LLM‑centric architectures

Emu3 – supports video, image, and text tasks; uses a pure autoregressive (AR) loss.

Chameleon – handles image and text tasks with a pure AR loss.

Show‑o – employs bidirectional attention for the image part (similar to MaskGit) and an AR loss for text.

Janus – adopts two visual encoders (ViT for understanding, VAE for generation) and uses pure AR loss for both text and image.

LLM + diffusion architectures

TransFusion – AR loss for text, DDPM loss for images.

JanusFlow – AR loss for text, RF loss for images.

Common observations

LLM‑centric designs scale more easily during training and inference, but current implementations are not yet at massive scale and their performance is modest.

When model size is comparable, adding diffusion improves visual generation compared to pure‑LLM pipelines, raising the question of whether LLMs need better adaptation for generation or simply larger scale.

Using separate visual encoders (ViT for understanding, VAE for generation) benefits both tasks, indicating that visual foundation models still split into distinct “understanding” and “generation” families.

Large‑scale multimodal training details

Chameleon is trained from scratch; it shares many stability tricks such as monitoring output norm as a stability indicator, QK‑Norm to mitigate softmax logit‑shift, and swapping normalization order to improve stability.

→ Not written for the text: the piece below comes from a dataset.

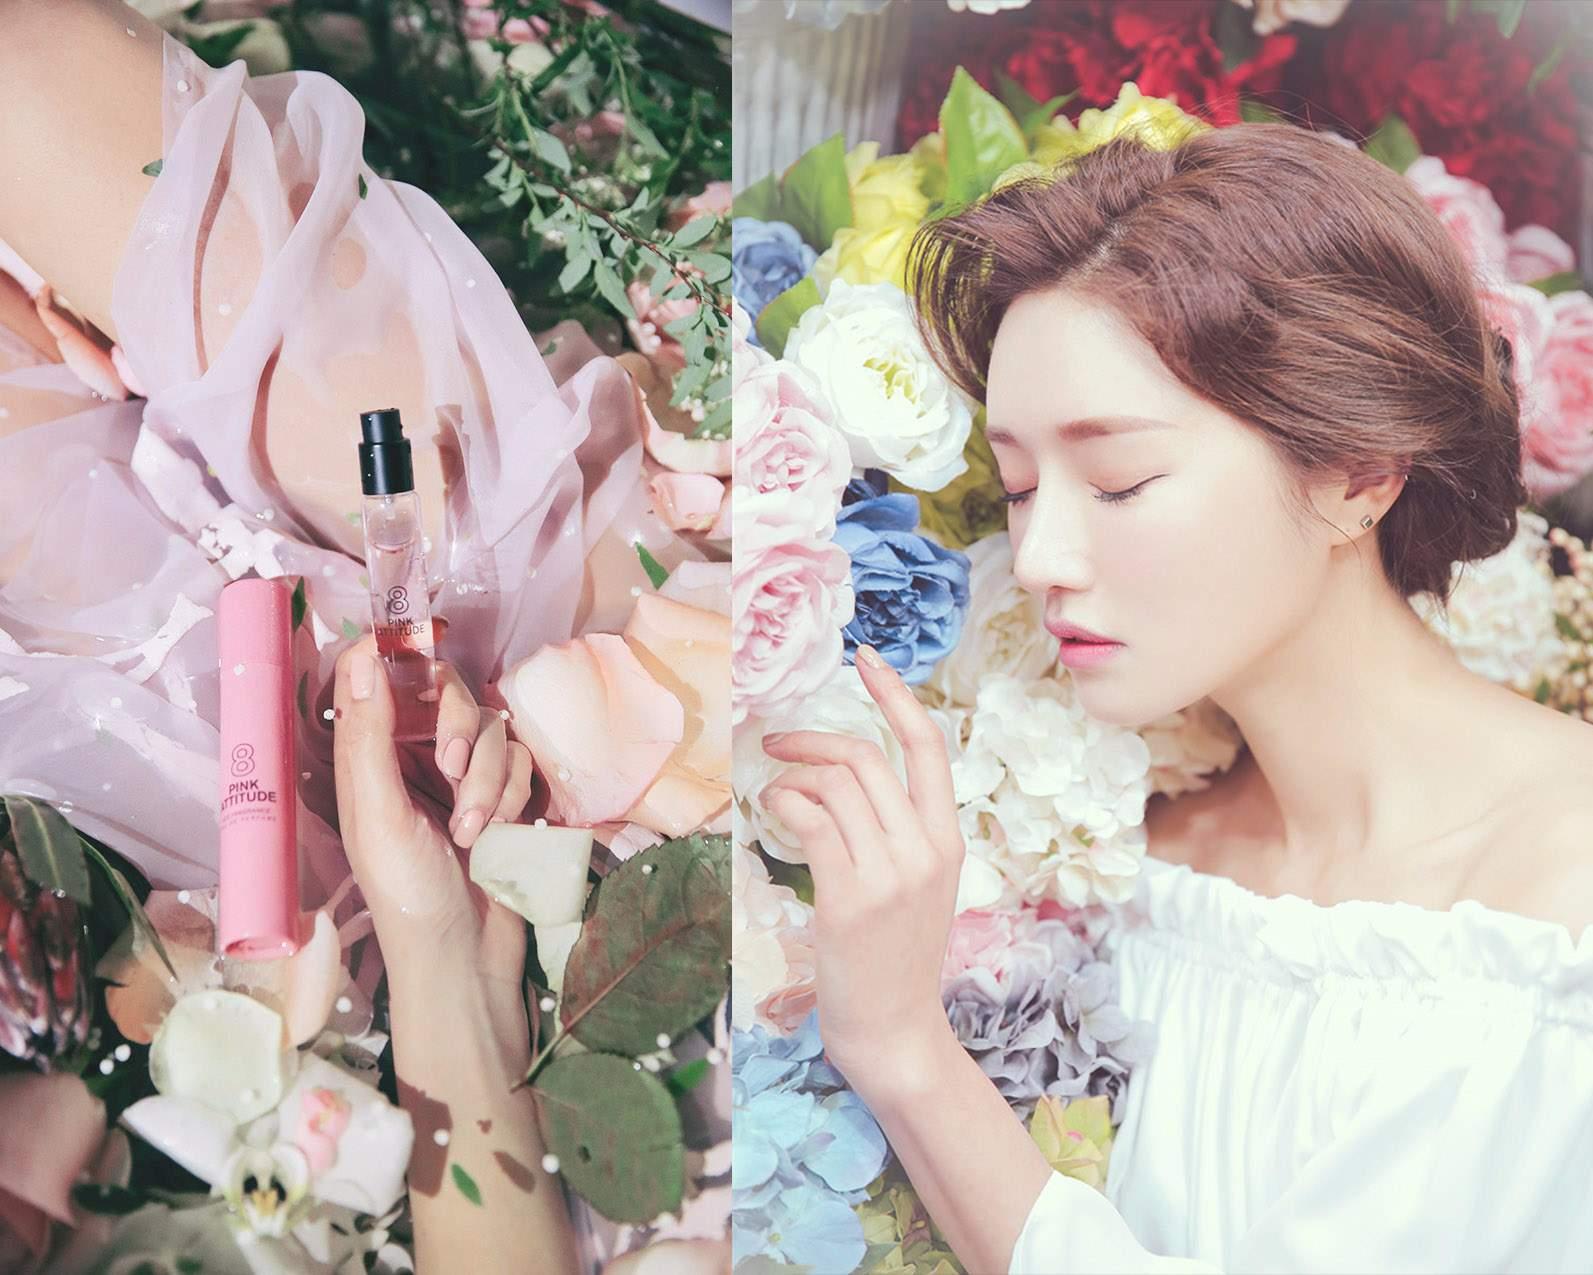 #8 這款香水在羞澀的紫羅蘭和浪漫的牡丹香氣中加入些許黑莓,甜美純潔的少女氣息讓人怦然心動。猶如美麗的少女站在花瓣散落的庭院,粉紅色的幽香隨著她的腳步飄散開來。
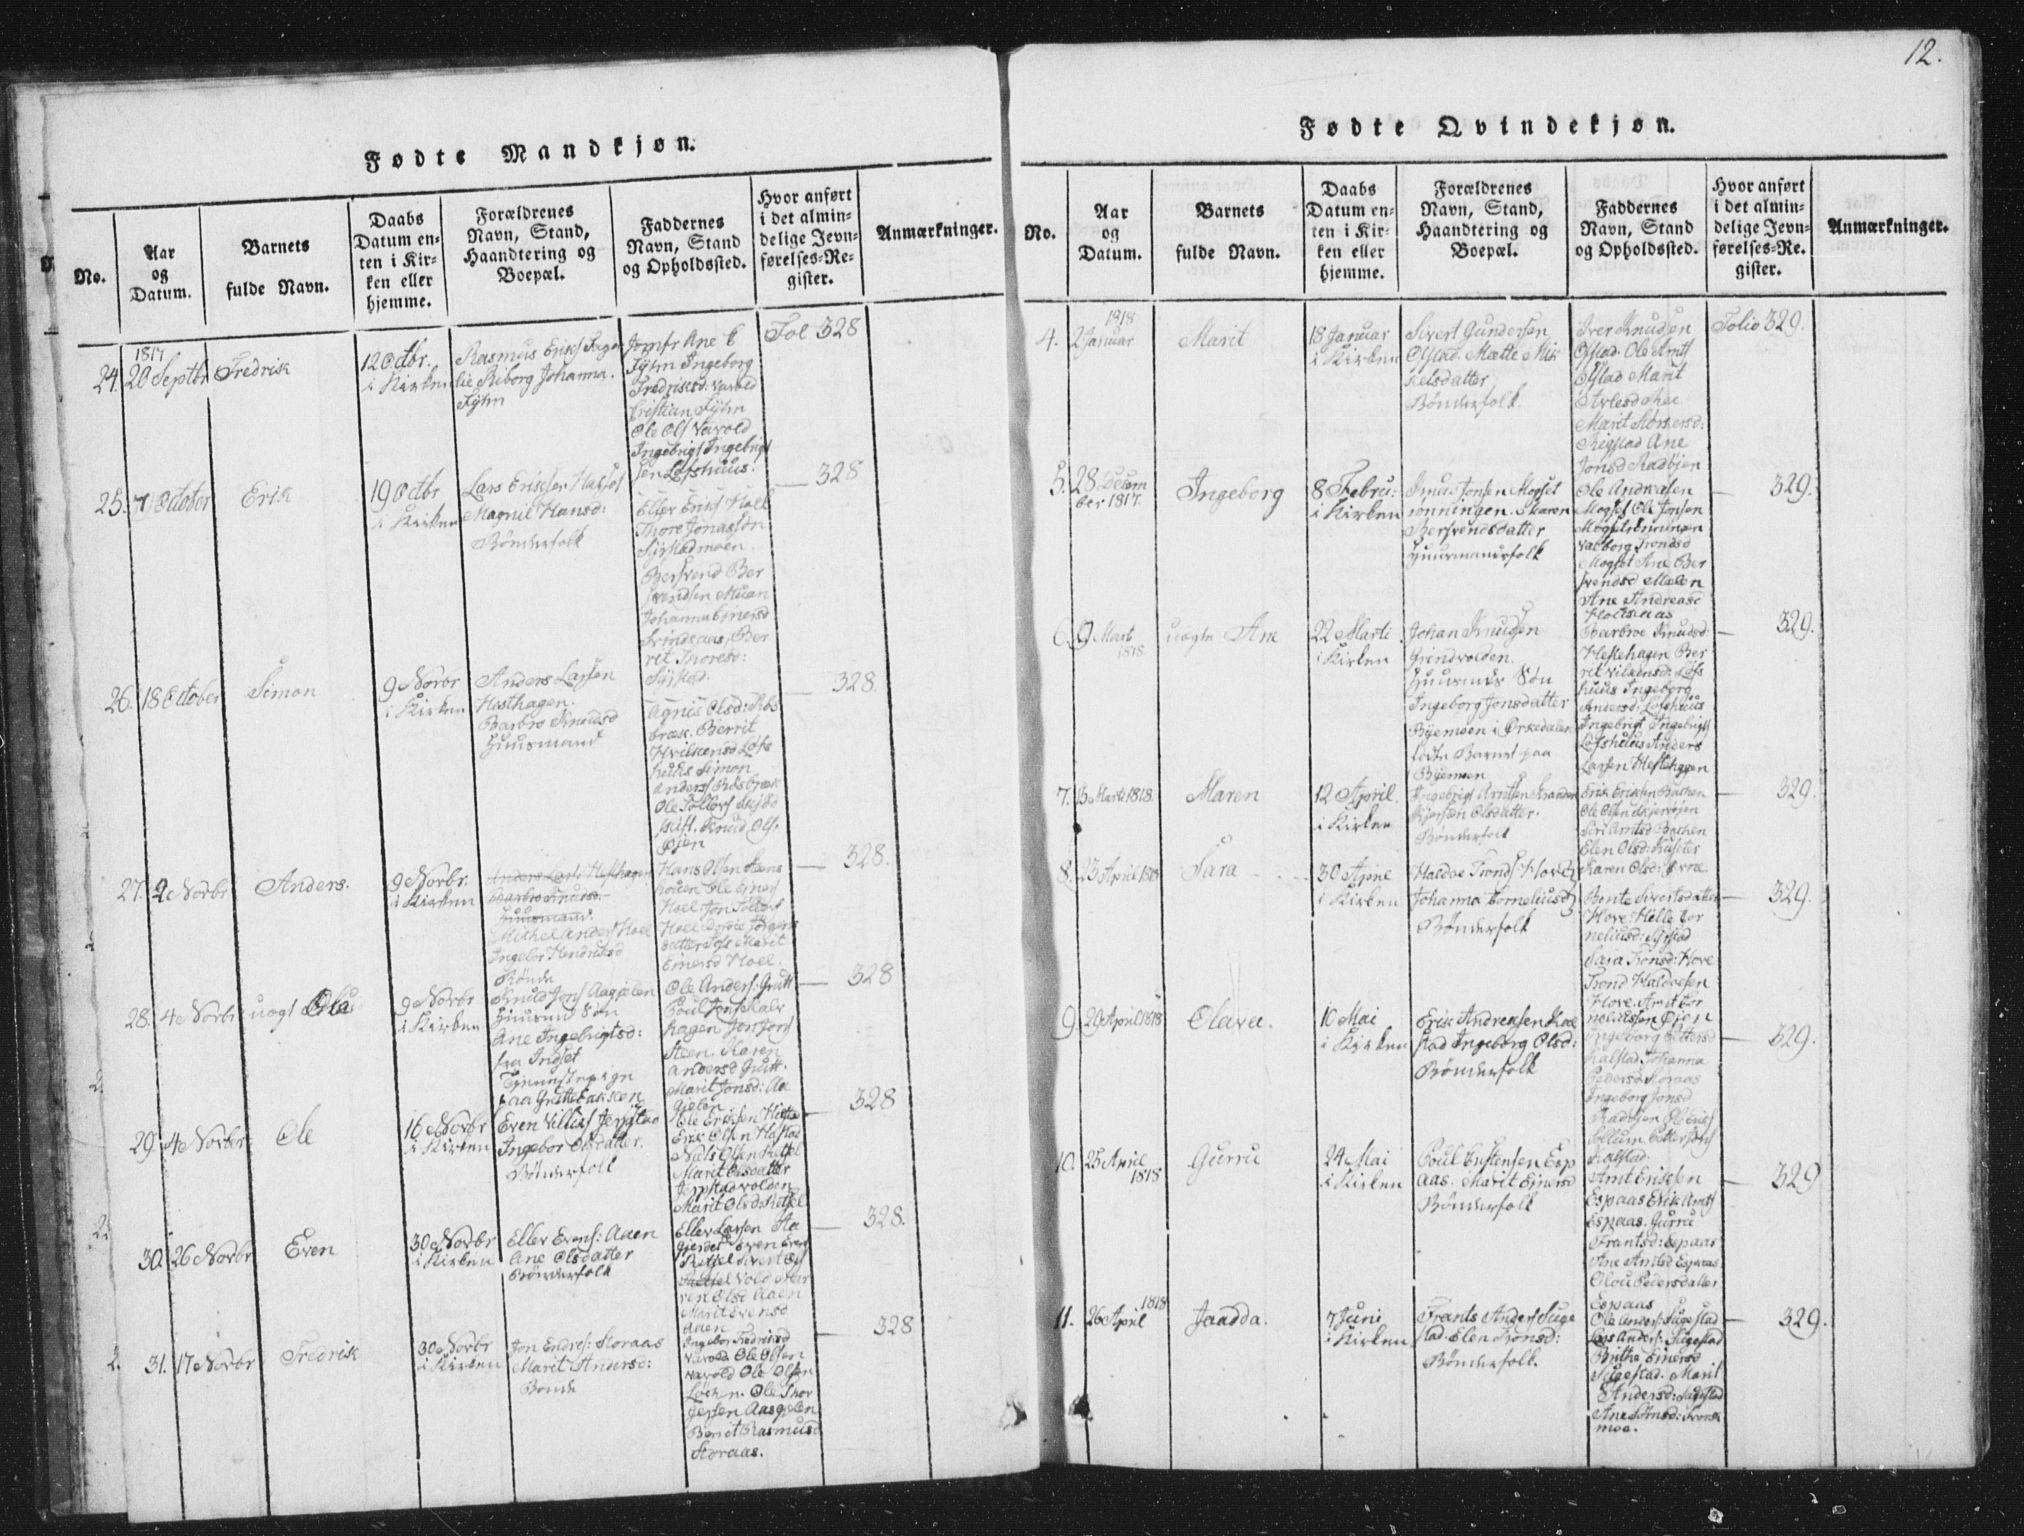 SAT, Ministerialprotokoller, klokkerbøker og fødselsregistre - Sør-Trøndelag, 672/L0862: Klokkerbok nr. 672C01, 1816-1831, s. 12

Emu3 is also trained from scratch; the authors discuss pre‑training, post‑training, and DPO specifics.

The Janus series papers describe their training framework, duration, and the use of sequence packing to boost efficiency; however, it remains unclear whether the 1.3 B‑parameter findings hold at larger scales.

Future directions

How to design a unified visual encoder that supports both generation and understanding; some work such as “titok” makes progress but has not yet been demonstrated at massive multimodal scale.

Whether a single visual foundation model can handle both generation and understanding tasks, and what proxy tasks or loss functions are needed for such unification.

LLM‑based AR architectures provide good representation and compression but suffer from error accumulation in visual generation; diffusion models can alleviate this, suggesting that a lightweight diffusion head on top of LLM‑derived multimodal features may be a promising mid‑ to long‑term strategy.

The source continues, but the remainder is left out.